Give back, unaltered, the lines from the one with "St Louis Cardinals" to the end of the material, omitting pictures.

## Given data

* * * * * * *

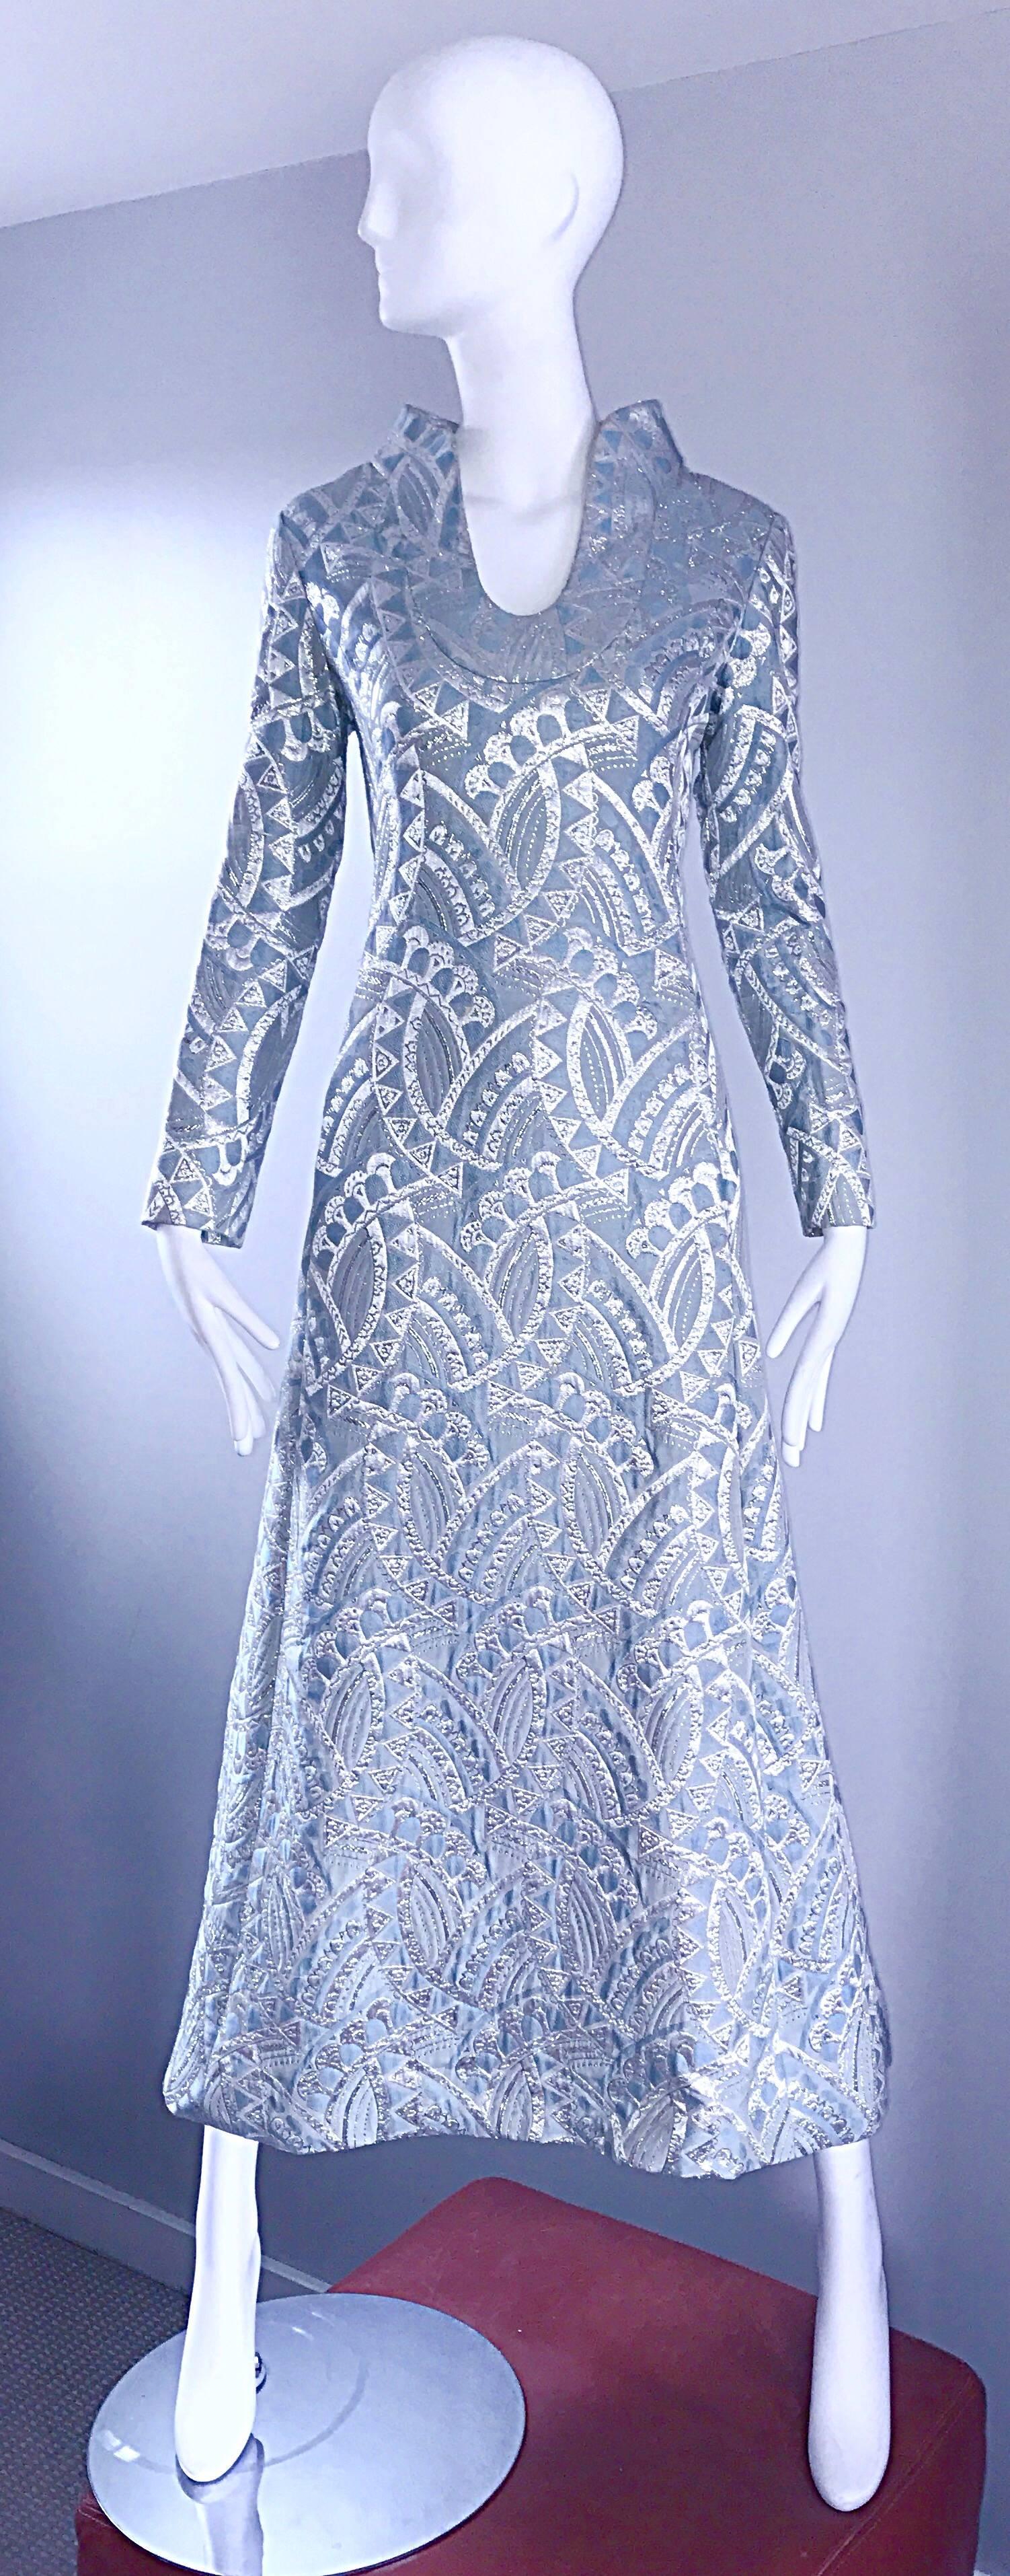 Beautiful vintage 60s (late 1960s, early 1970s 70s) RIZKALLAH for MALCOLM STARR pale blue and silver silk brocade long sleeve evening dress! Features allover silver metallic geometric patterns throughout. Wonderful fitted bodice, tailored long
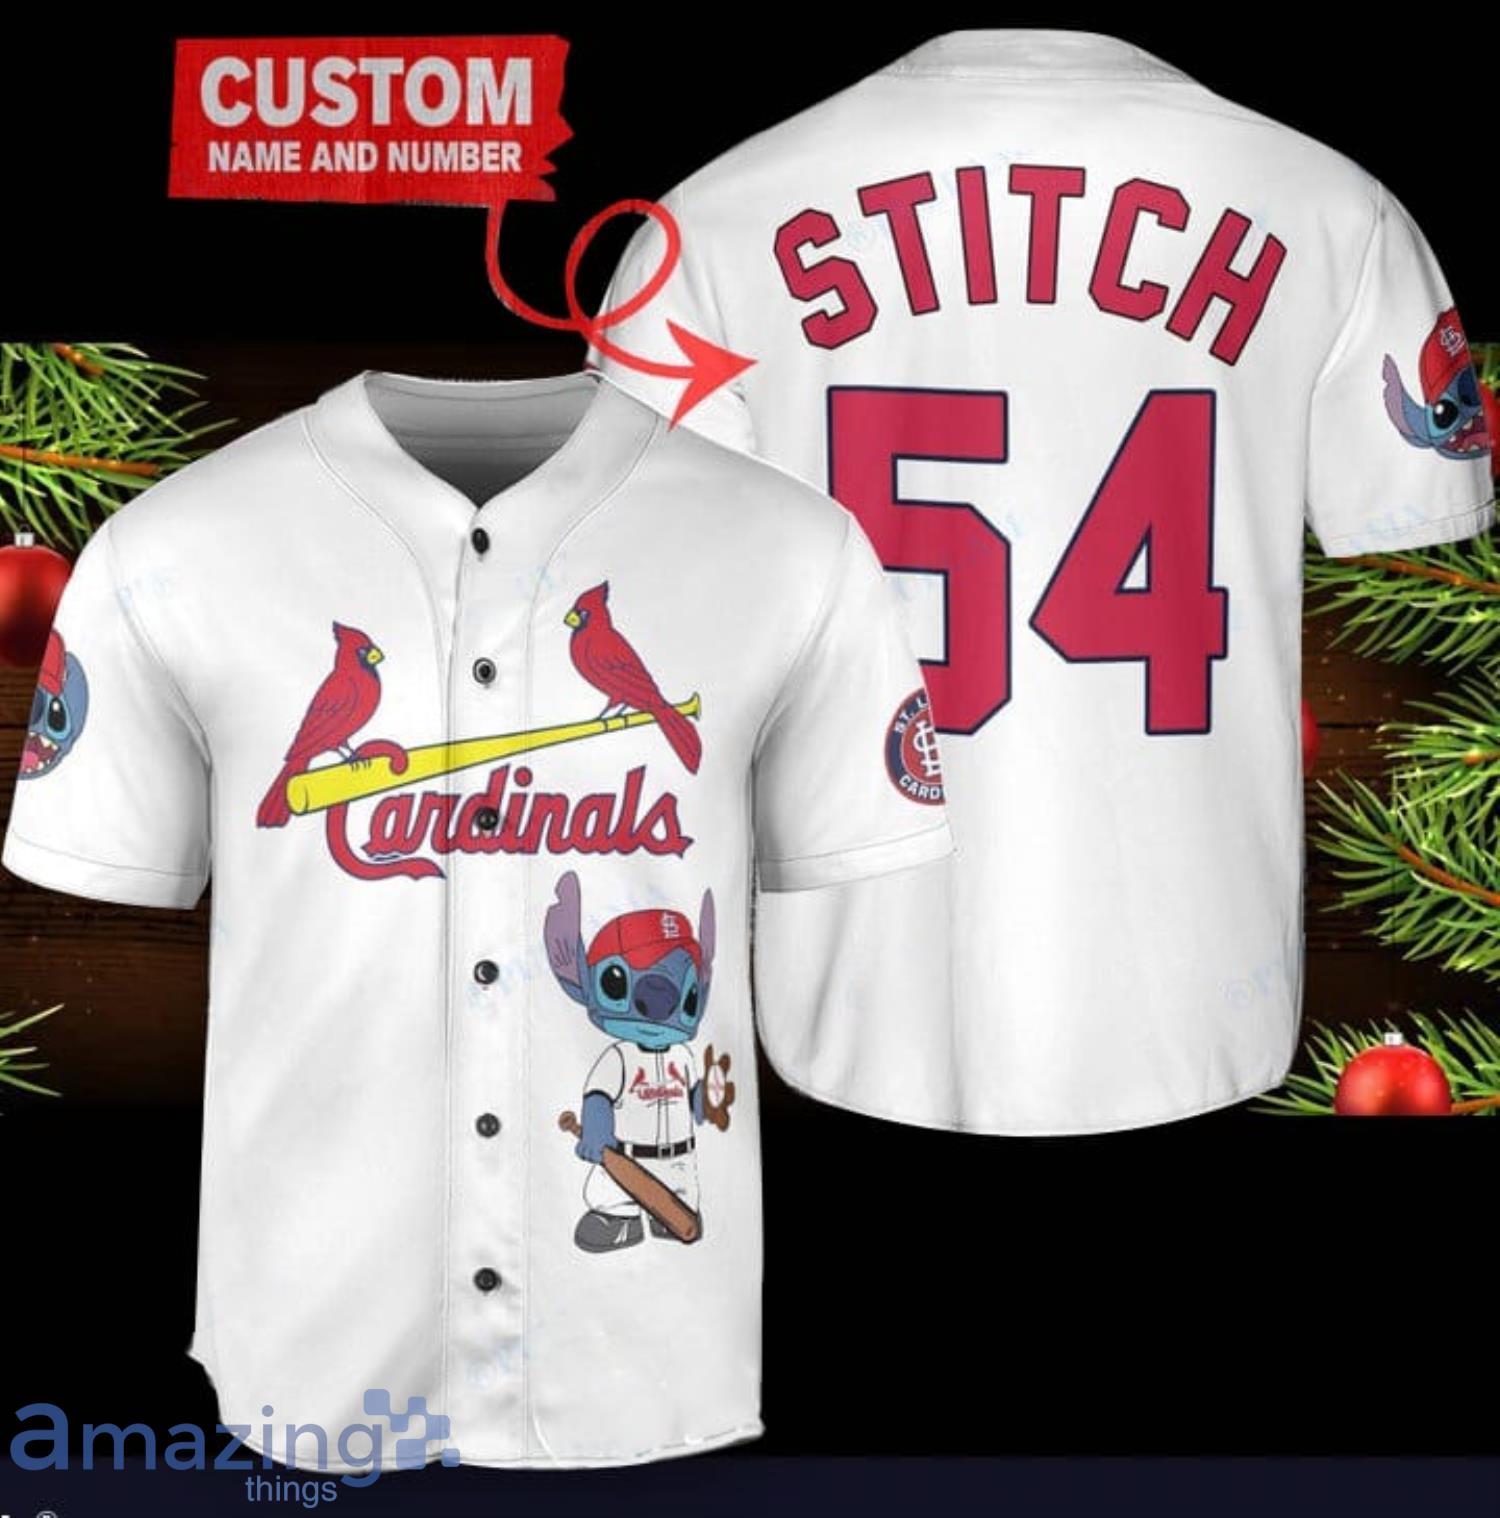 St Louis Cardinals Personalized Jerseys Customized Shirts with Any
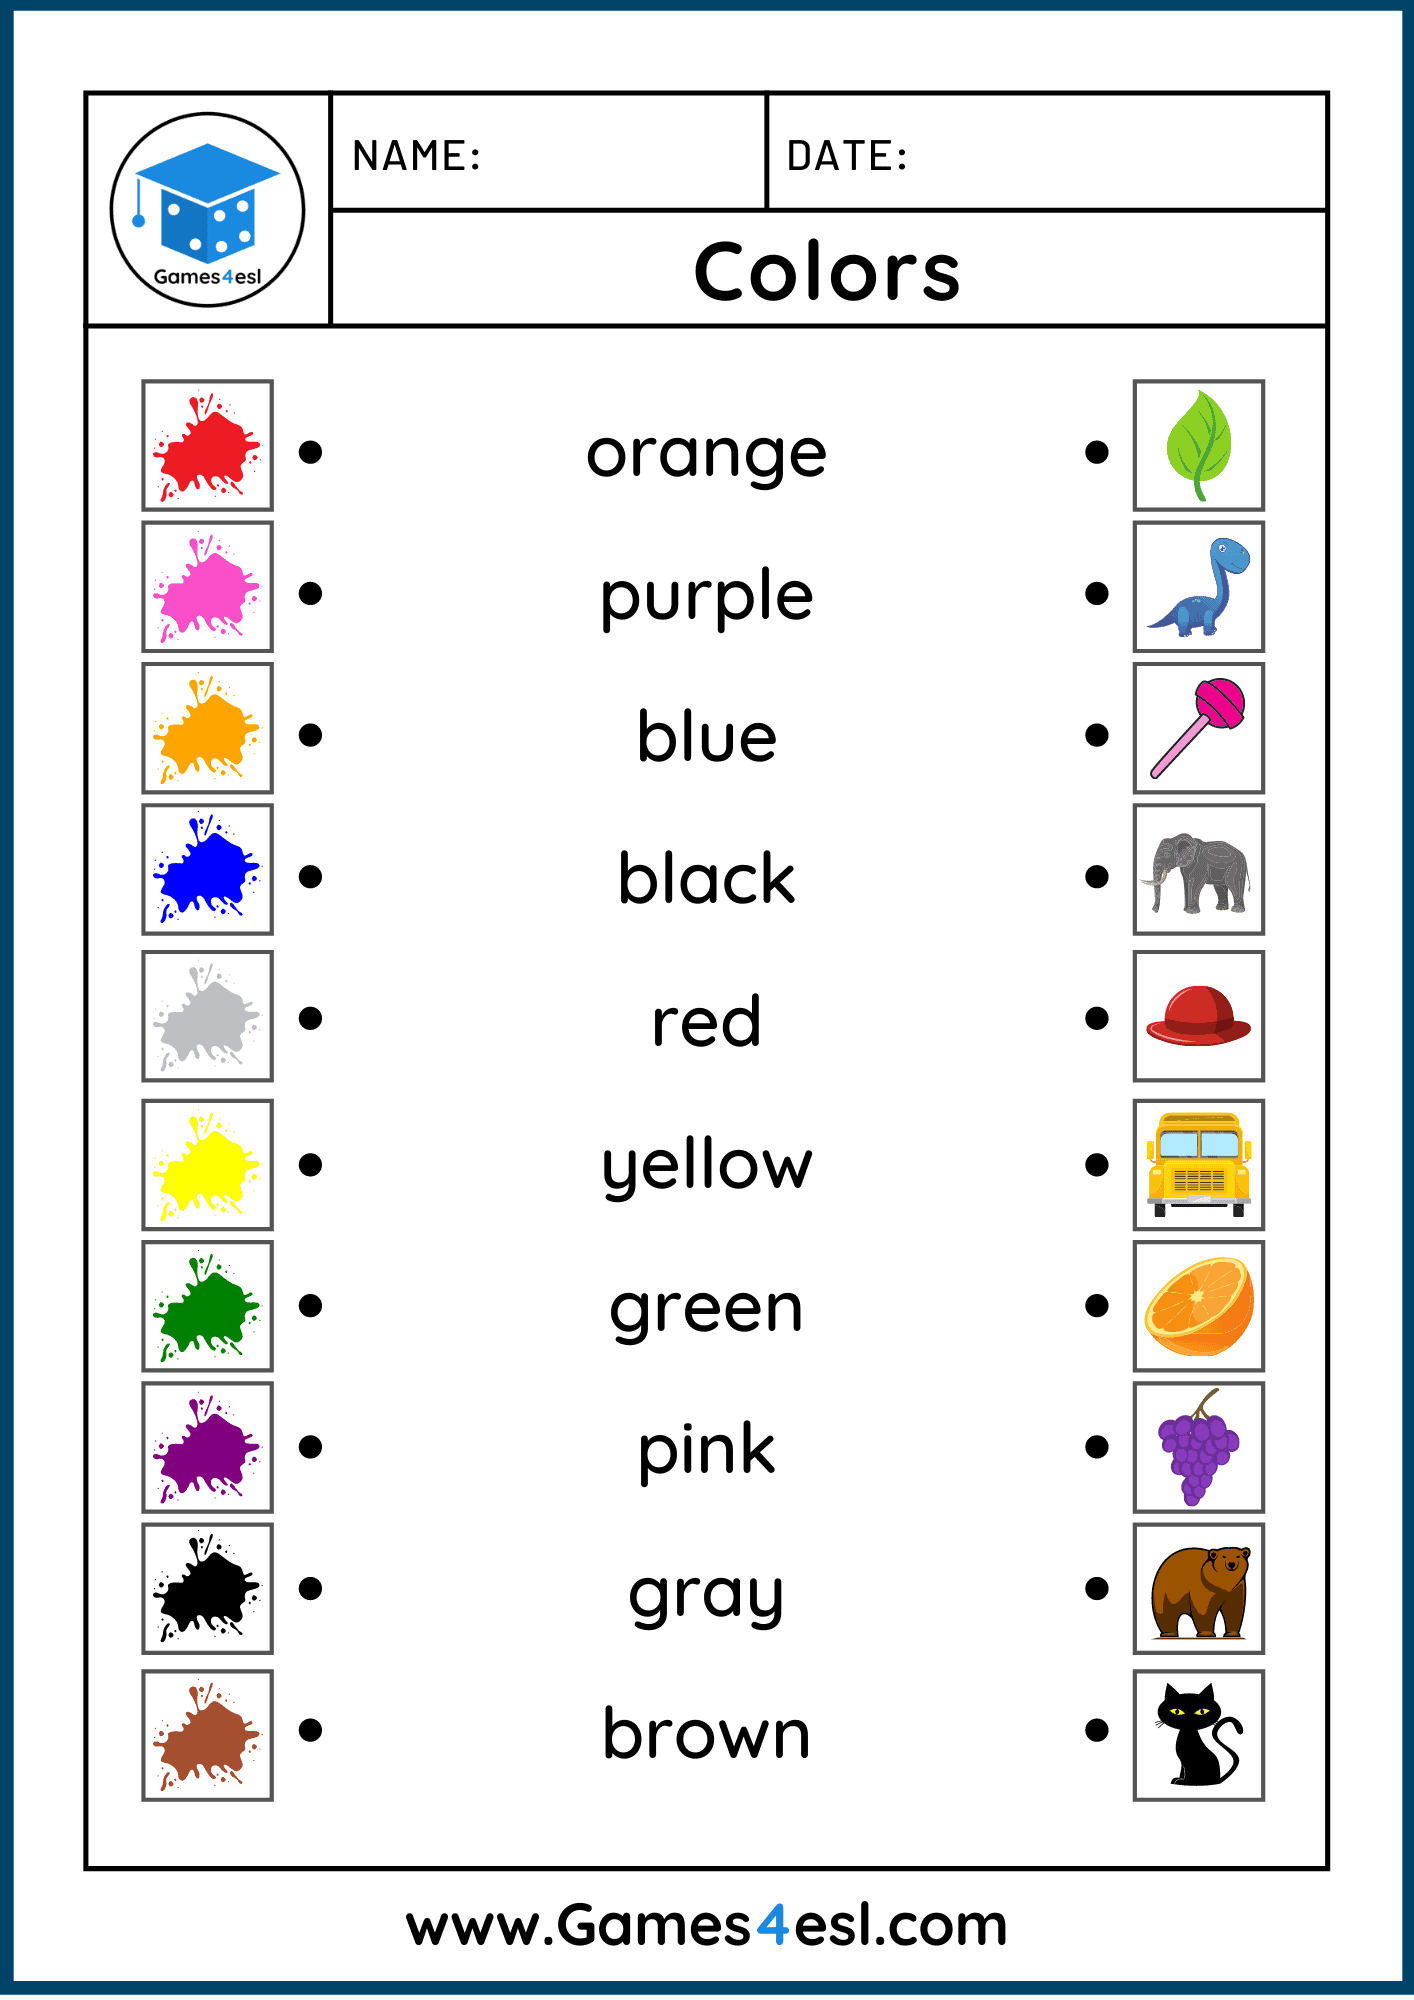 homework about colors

* * * * * * *

## Output of the task
 St Louis Cardinals Personalized Jerseys Customized Shirts with Any
 homework about colors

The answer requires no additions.